What size of a tank? My guess is if this would be to become a successful try one needs at least an 8'l x 4'w x 2'h (535gal) for a colony of a dozen or so (3 males, 10+ females).

As soon as my 400gal gets here to Montreal I'll try my luck with a dozen. Keep us posted man.


----------



## myjohnson (Dec 28, 2007)

baby monster


----------



## IrkedCitizen (Apr 26, 2007)

Xenomorph said:


> What size of a tank? My guess is if this would be to become a successful try one needs at least an 8'l x 4'w x 2'h (535gal) for a colony of a dozen or so (3 males, 10+ females).
> 
> As soon as my 400gal gets here to Montreal I'll try my luck with a dozen. Keep us posted man.


Just an FYI

96" x 48" x 24"= 110592 / 231= 478.753246 gallons.

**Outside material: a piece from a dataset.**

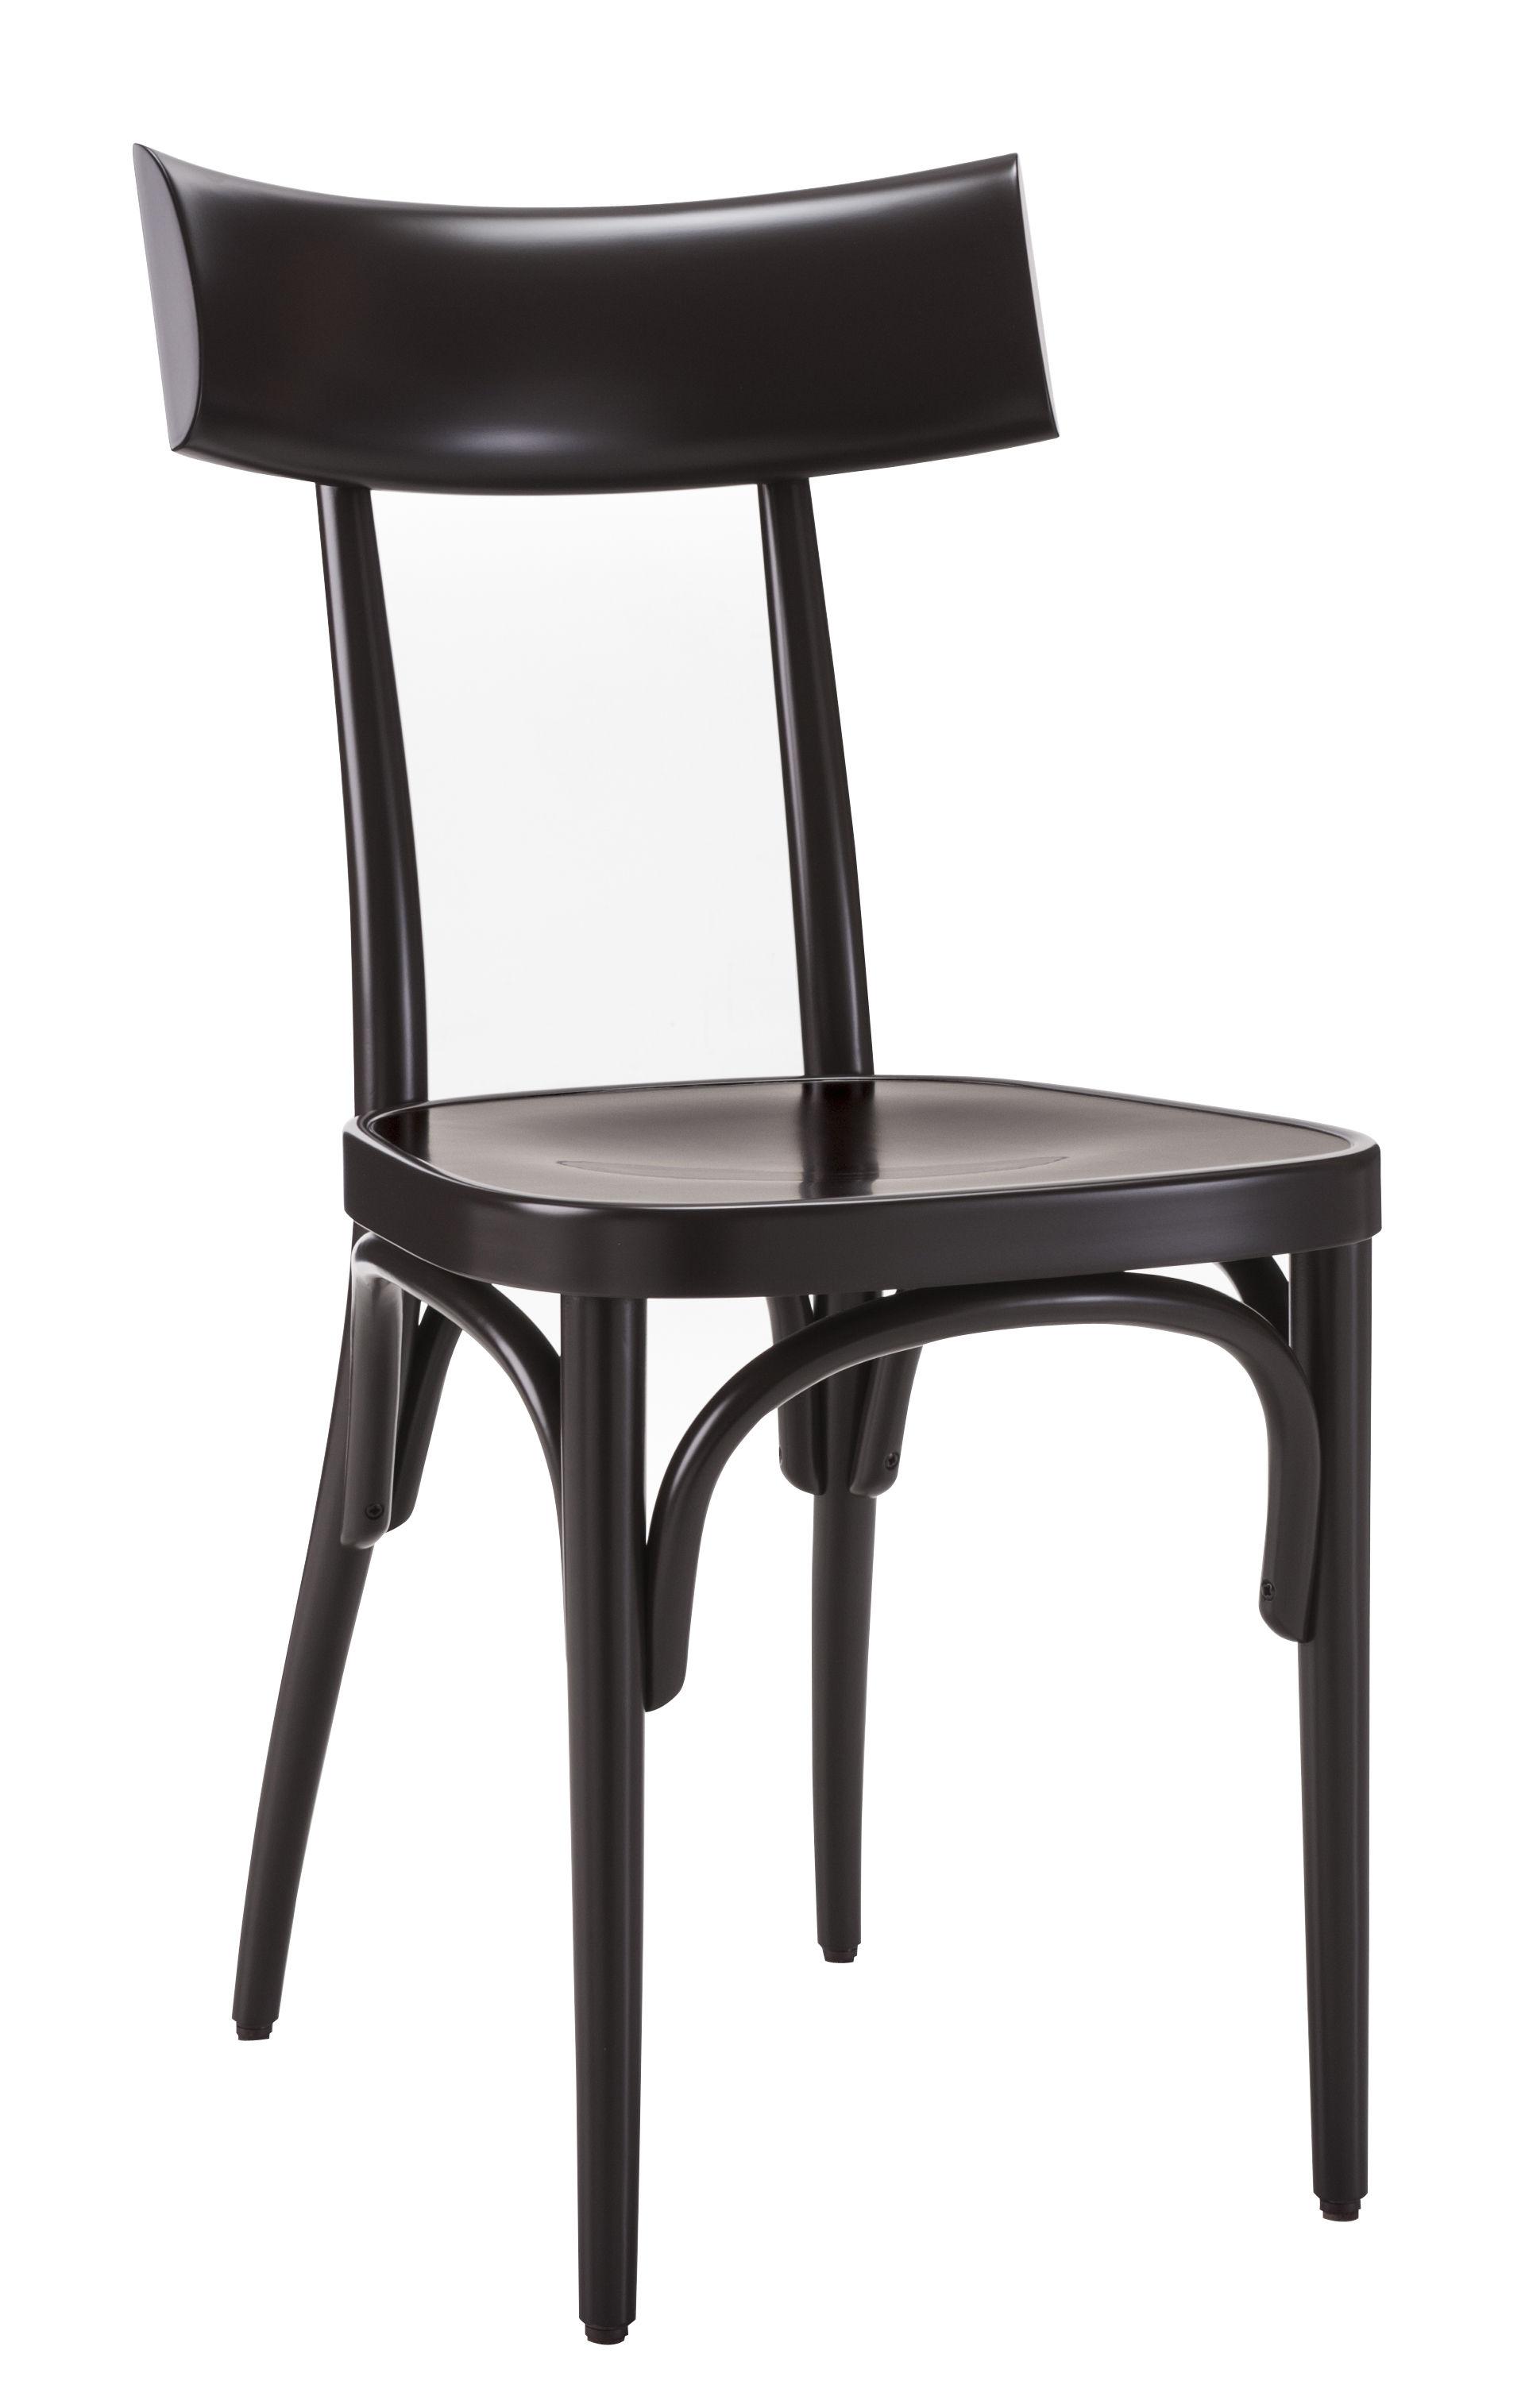 Arredamento - Sedie  - Sedia Czech - / Legno di Wiener GTV Design - Nero / Gambe nere - Compensato di faggio, Faggio massello curvato

A 56 gallon difference from 535g which is a BIG difference.

That is a nice looking petro.


----------



## Xenomorph (Aug 6, 2007)

IrkedCitizen said:


> Xenomorph said:
> 
> 
> > What size of a tank? My guess is if this would be to become a successful try one needs at least an 8'l x 4'w x 2'h (535gal) for a colony of a dozen or so (3 males, 10+ females).
> ...


Thanks for noticing that, I gave the wrong dimensions. It is 96"x48"x30" (or 27") anyway, for sure it is 500+ :thumb:

Mine is indeed only 400 (404 or something  ) 96"x36"x27"


----------



## Petro_Arthur (Oct 12, 2007)

> I keep a good variety of petros in different setups and the red fin ubwaris are by far the nastiest


But the fish in #1 is NOT a red fin ubwaris. As RayQ said it was a P. sp. Texas and they come from the other side of the lake, more specifically, from Mahal National Park. Blue Texas is not as aggressive, and they can be relatively easily kept in a flock of 10 to 15 pieces. Although I had them a couple of years ago, and managed to get kids on them a few times. The Blue Texas were later reversed for some sp. Red, but they is still alive.

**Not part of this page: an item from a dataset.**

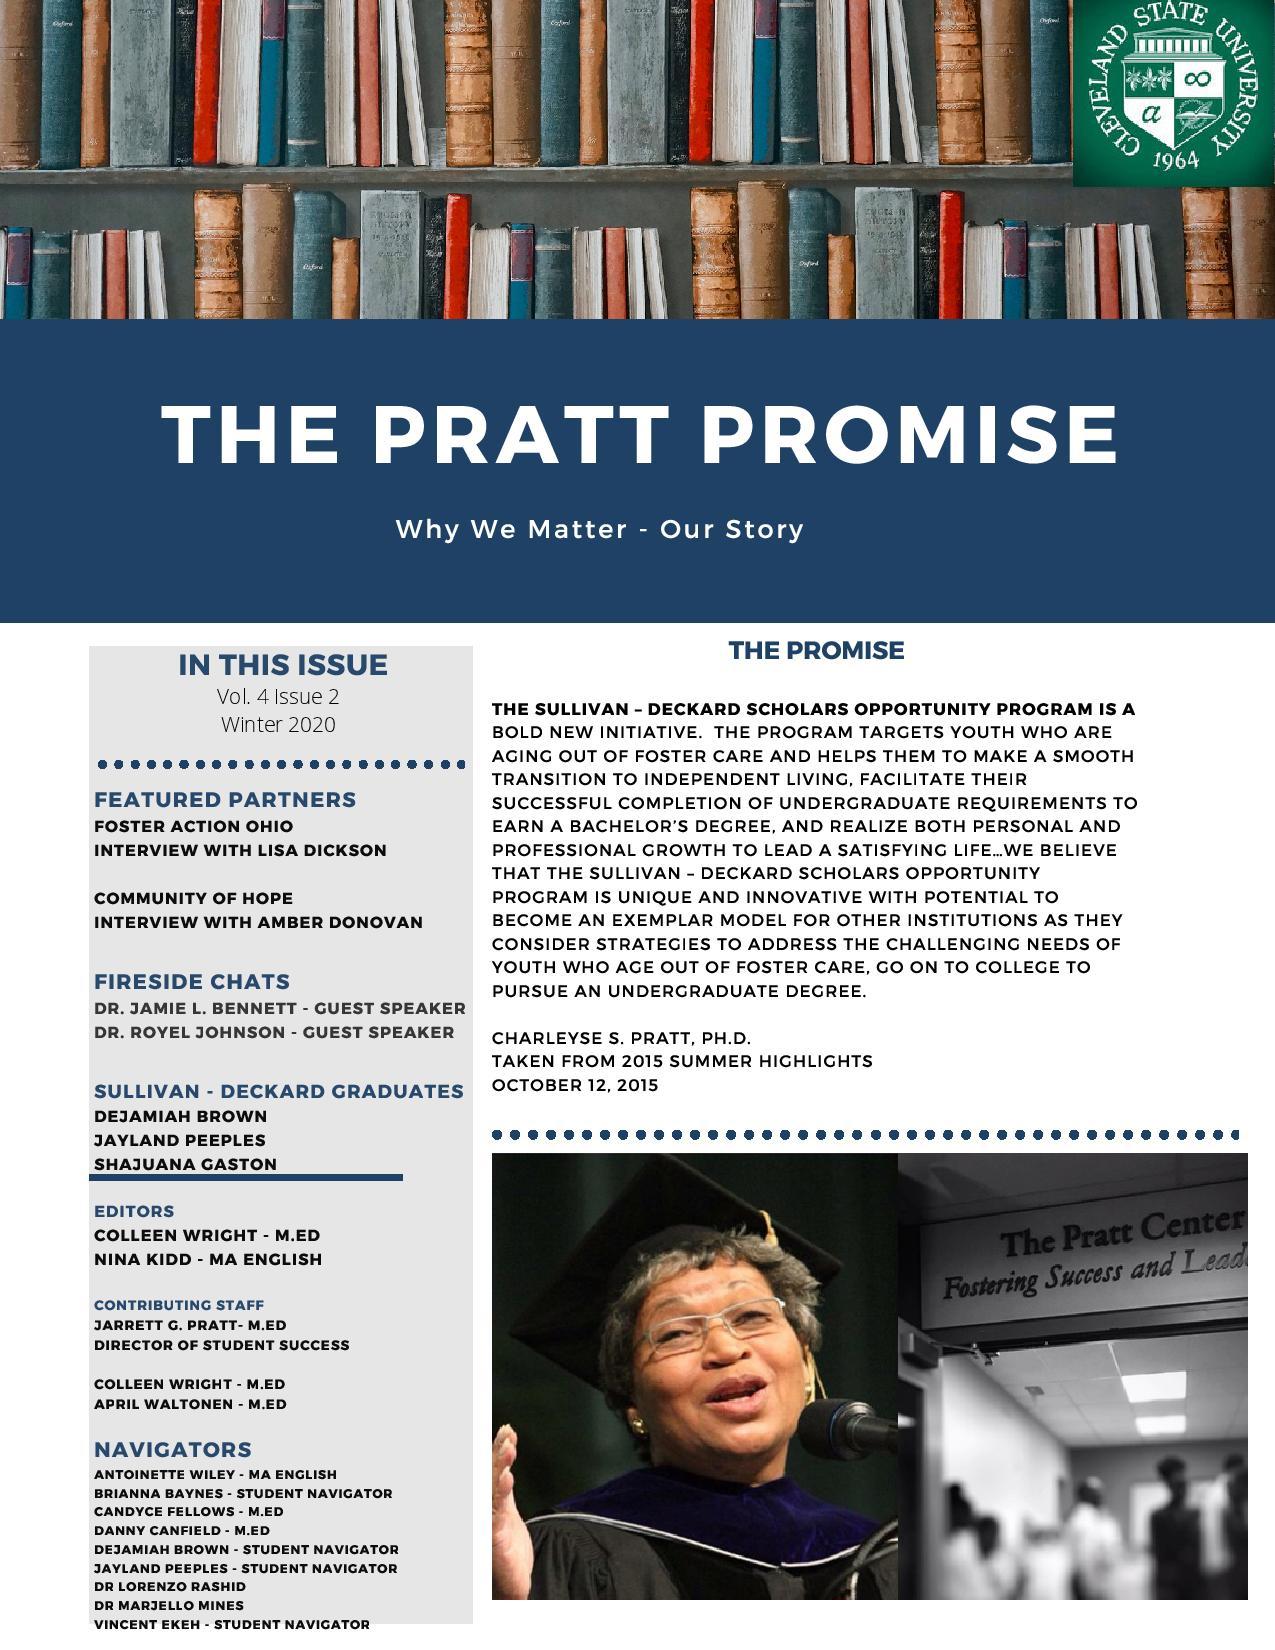 Pratt Center Newsletter-Spring Semester 2021

[/img][/url]My Texas Blue before they were reversed. http://www.tago.dk/Tanganyika/TexasBlue.html

Picture from Mahale sep. 2007


----------



## areuben (Jul 17, 2003)

Hello Arthur,
You certainly have a tremendous amount of first hand experience with your trips to the lake and your many posts I have seen on other sites. Thanks for the comments. I was pretty certain it was an ubwari given the long trailing pelvic fins and the white throat area, as well as some of the red tinging to the dorsal. Ubwari - rightly or wrongly - are commonly referred to as texas in north america. Maybe we have it wrong.
Any further help you can provide or can anyone else chime in.
Thanks,
Al


----------



## Petro_Arthur (Oct 12, 2007)

Hi Al
I have 2 pictures of the Ubwari. My own female who died yesterday and a very nice male from Germany. As you can se they are different from the Blue Texas.
I have never had a pair of the Ubwari but I still try to get some. But i agree with you, they are extremely aggressive, perhaps the most aggressive of all Petrochromis.









The female









A extremely nice male


----------



## eklikewhoa (Jul 11, 2006)

I agree! That's an extremely nice male!!!!


----------



## RayQ (Sep 26, 2007)

Very nice!


----------